Users of the orthology benchmarking web service can take advantage of two main functionalities, accessible from the landing page:

  1. Viewing publicly available results: “Consumers” of orthology predictions can compare the performance of state-of-the-art methods and resources, and identify a resource suitable for their needs.
  2. Testing your own method: “Producers” of orthology predictions can test their own method by uploading ortholog pairs, and testing them on a variety of benchmarks in the context of other state-of-the-art tools.
The two basic functionalities of the Orthology Benchmarking service are viewing publicly available results, or testing your own method. Each are available from the links on the landing page.

Comparing state-of-the-art methods

Several well-established orthology tools have run their methods on a Reference Proteome Set and have already been benchmarked. Their results are publicly available online for comparison. On the homepage (depicted in Figure 1), click on “Public Results” and select which Reference Proteome Set to view from the drop down menu.

On this page, the publicly-available benchmarking results are displayed, organized by type of benchmark.

  • Phylogeny-Based Benchmarks are based on the assumption that two genes are orthologs if they diverged through a speciation event. Therefore, the phylogenetic tree of a set of orthologs has by definition the same topology as the corresponding species tree. For these phylogenetic-based tests, we sample putative orthologous genes, make a gene tree, and measure how congruent the resulting tree is with the species tree.
  • Function-Based Benchmarks are based on the assumption that orthologs tend to retain their function (also known as the ortholog conjecture). For these benchmarks, we test the agreement between gene ontology (GO) annotations or enzyme classification (EC) numbers.

    More details about each of the benchmarks are described in paper Standardized benchmarking in the quest for orthologs

Select a Benchmark from one of the two categories. For the Species Tree Discordance and Generalized Species Tree Discordance Benchmarks, it is necessary to choose a taxonomic group (displayed as tabs below).

Example: Generalized Species Tree Discordance Benchmark. Here, one can choose from LUCA, Eukaryota, Vertebrate, or Fungi to view the benchmarking comparison.

In the Generalized Species Tree Discordance Benchmark example, clicking on the Vertebrate tab displays a plot showing the publicly-available results of the benchmark.

In this example, the recall is the number of completed tree samples, and the precision is the average Robinson-Foulds distance between the inferred gene tree and the species tree.

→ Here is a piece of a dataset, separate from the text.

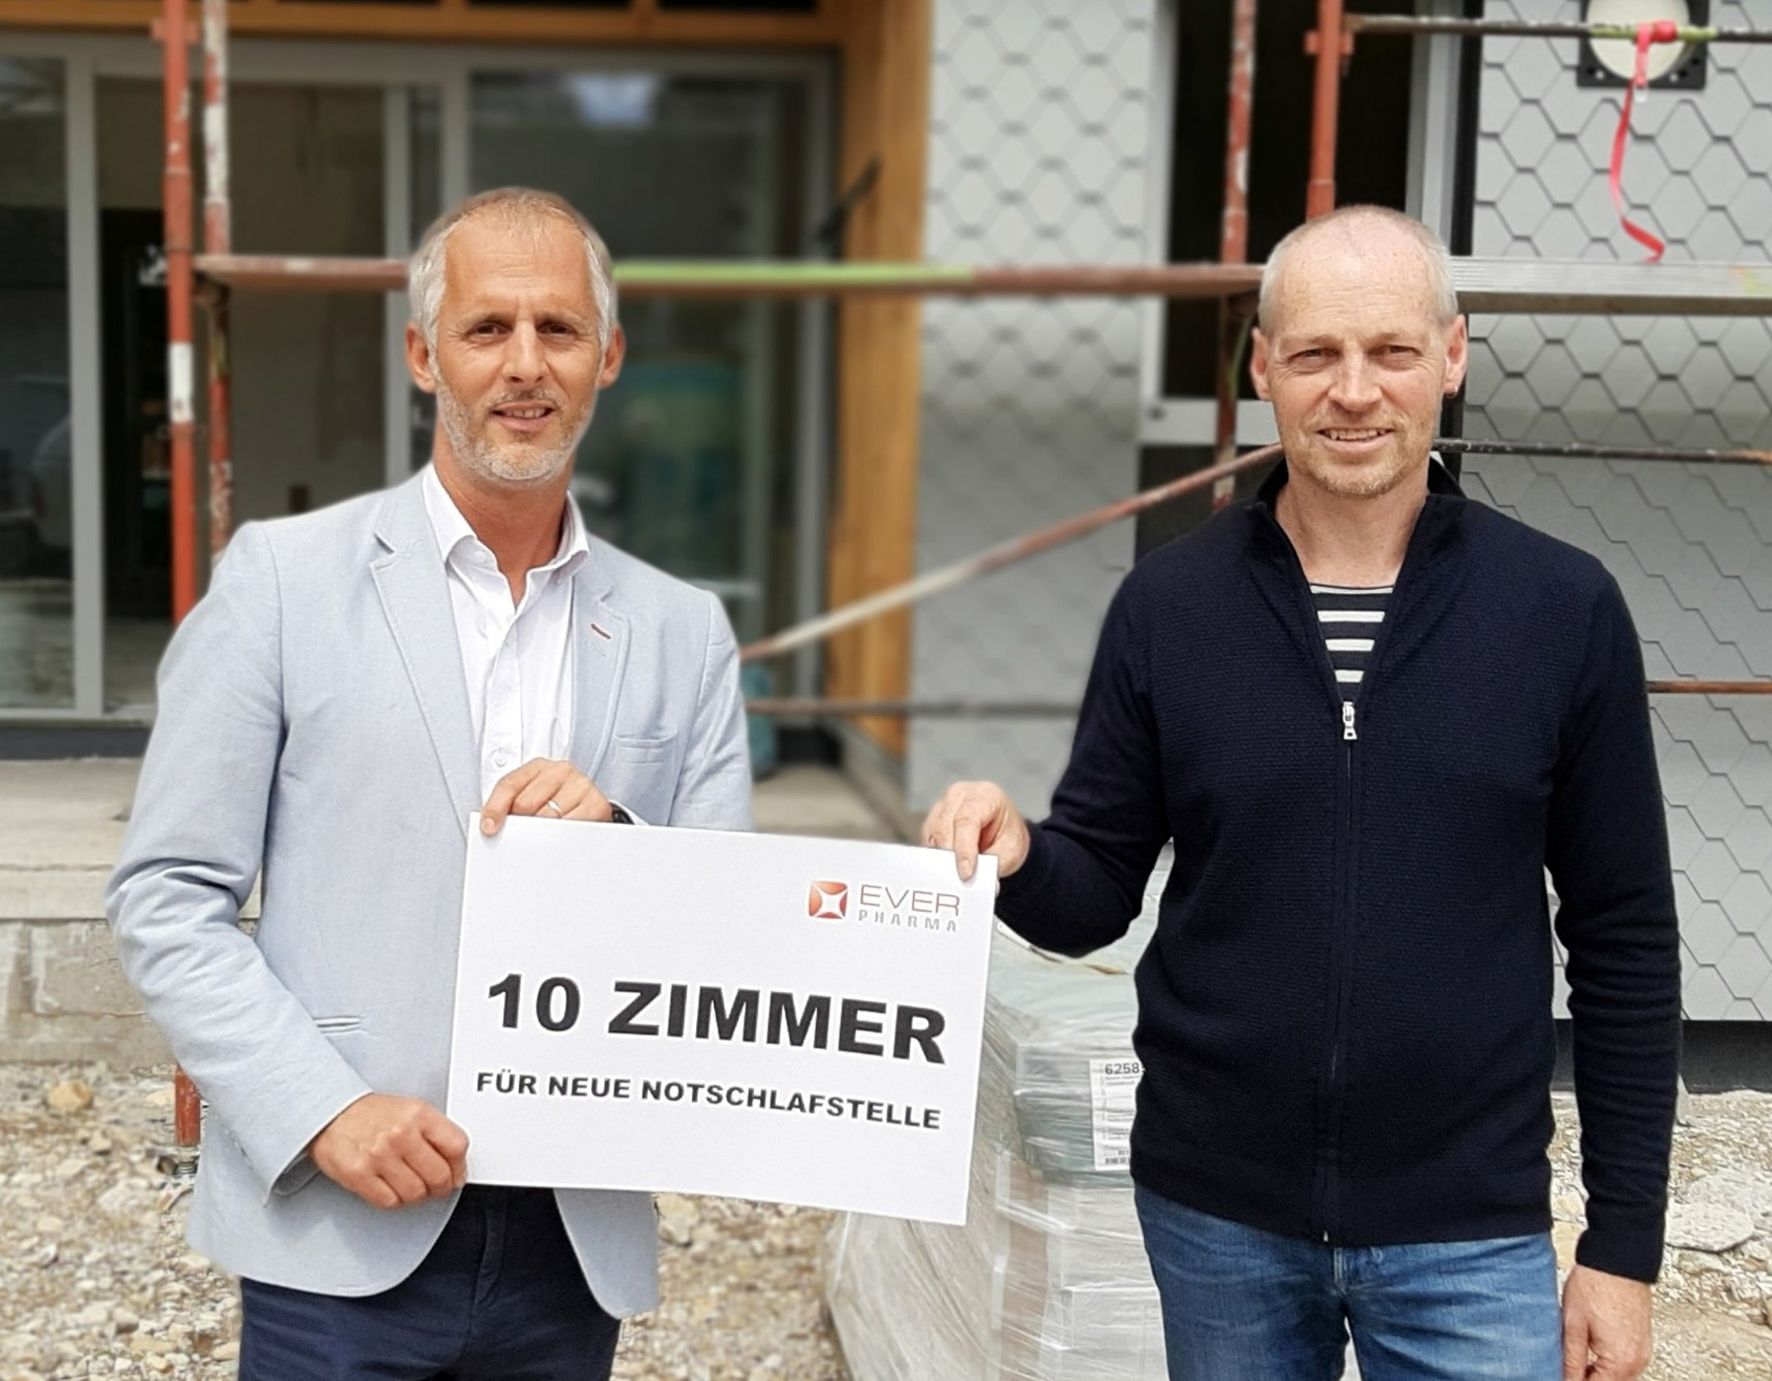 Foto: EVER Pharma-Vertriebsleiter für Europa, Norbert Hittenberger, übergibt dem Mosaik-Leiter Stefan Hindinger eine Spende für die Komplettausstattung von 10 Zimmern in der neuen Notschlafstelle Vöcklabruck (20.9.21)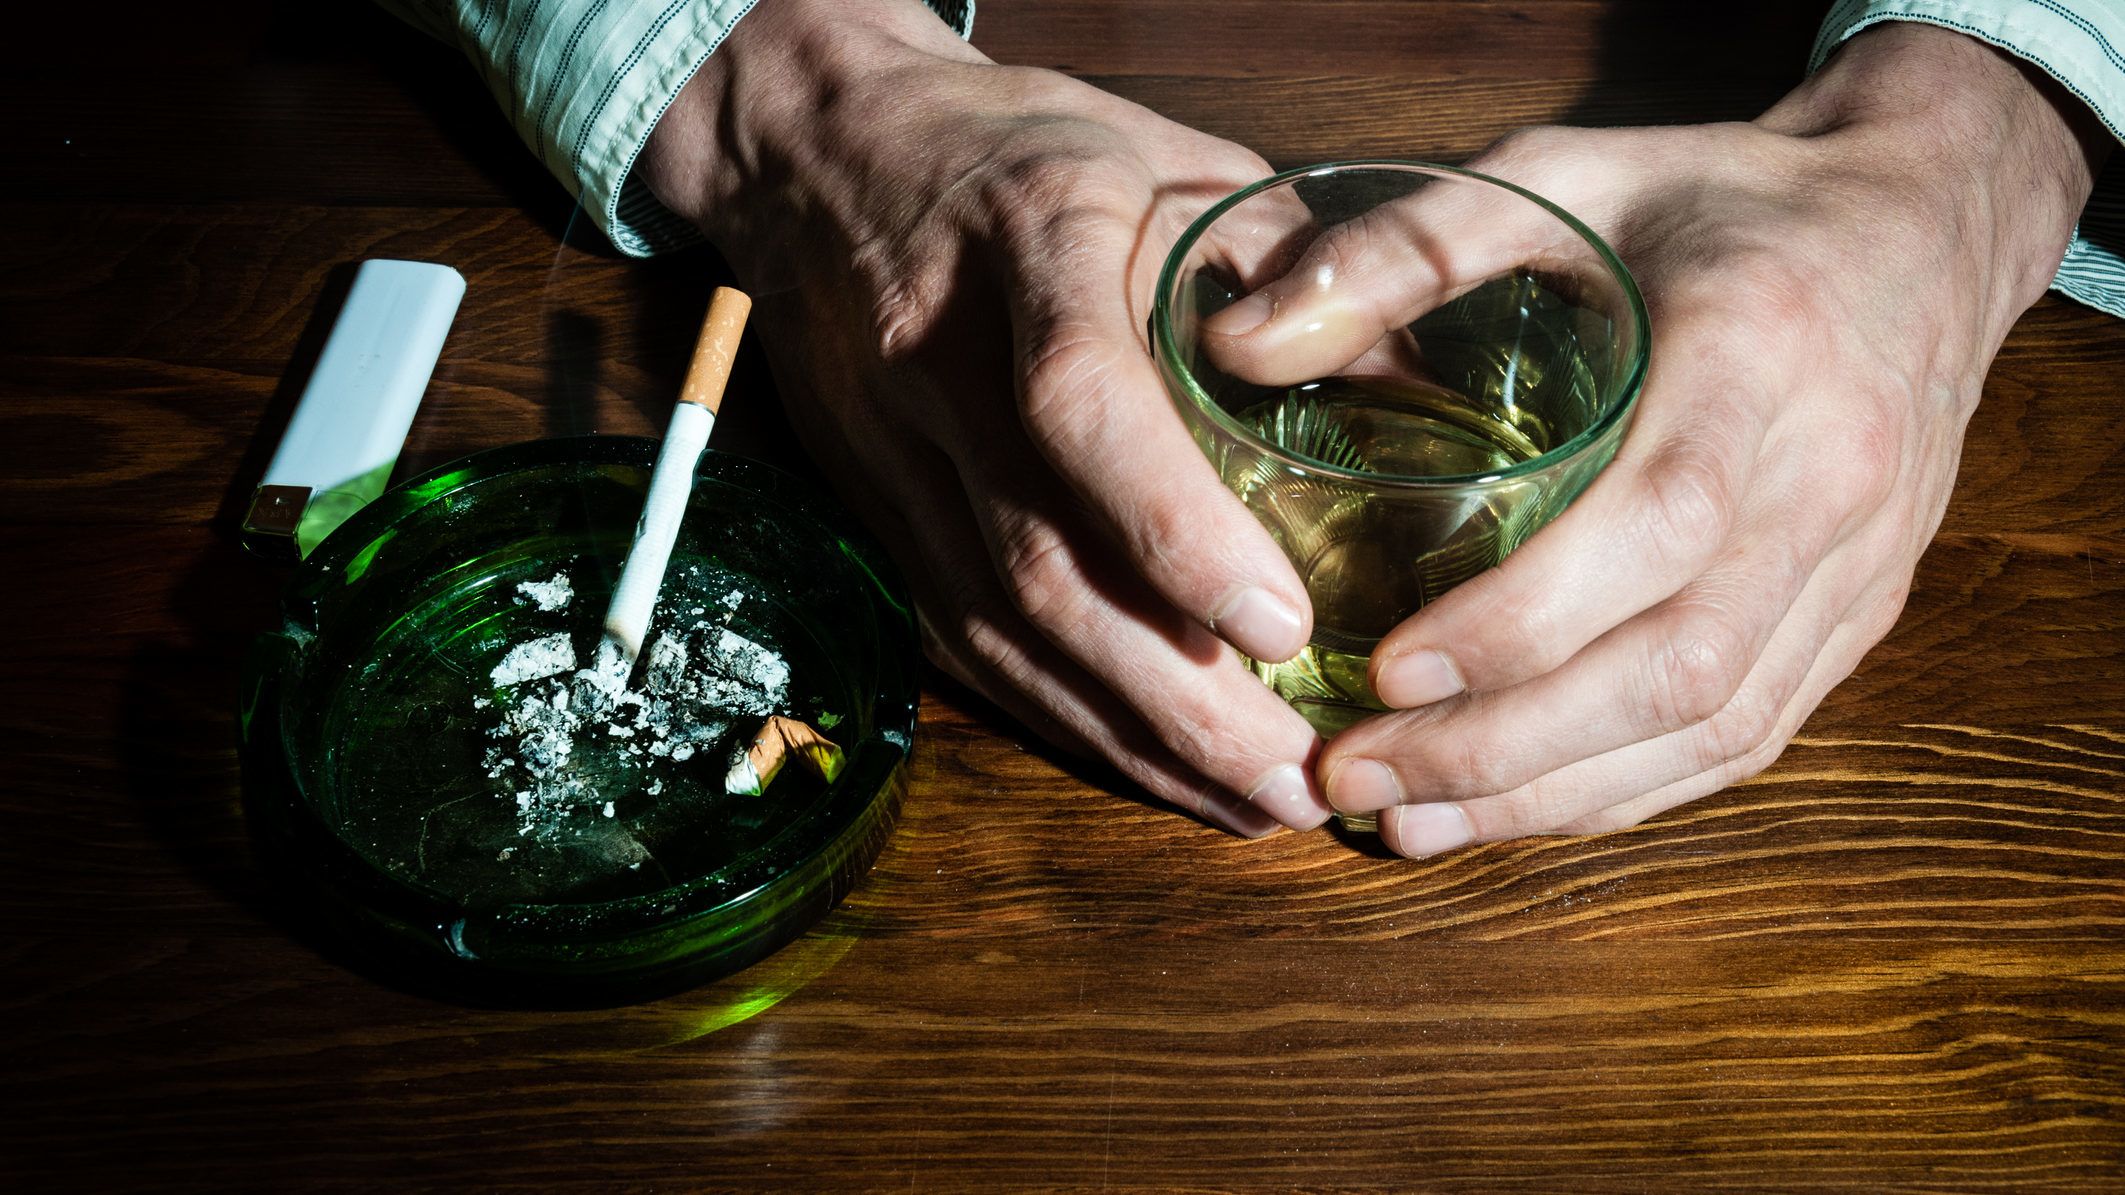 akik azonnal abbahagyták a dohányzást és az ivást dohányzás esetén fáj a lapocka között

In all benchmarking result plots, the Precision versus Recall curve is shown. The exact measures depend on the benchmark. For several benchmarks there exists more than one measure per axis, in which case they can be selected with a drop-down menu above the plot showing the result. The different measures are described in the next section. An arrow is displayed which points to the better predictions. The Pareto frontier is shown as a dashed line. Additionally, one can classify the results based on square quartiles, diagonal quartiles, or K-means clustering.

Measures of the benchmarks

Orthology is a property for which it is very difficult to establish a ground truth dataset. We therefore use surrogate measures to assess the quality of predictions.

To assess the recall, we use three different measures in the benchmarks.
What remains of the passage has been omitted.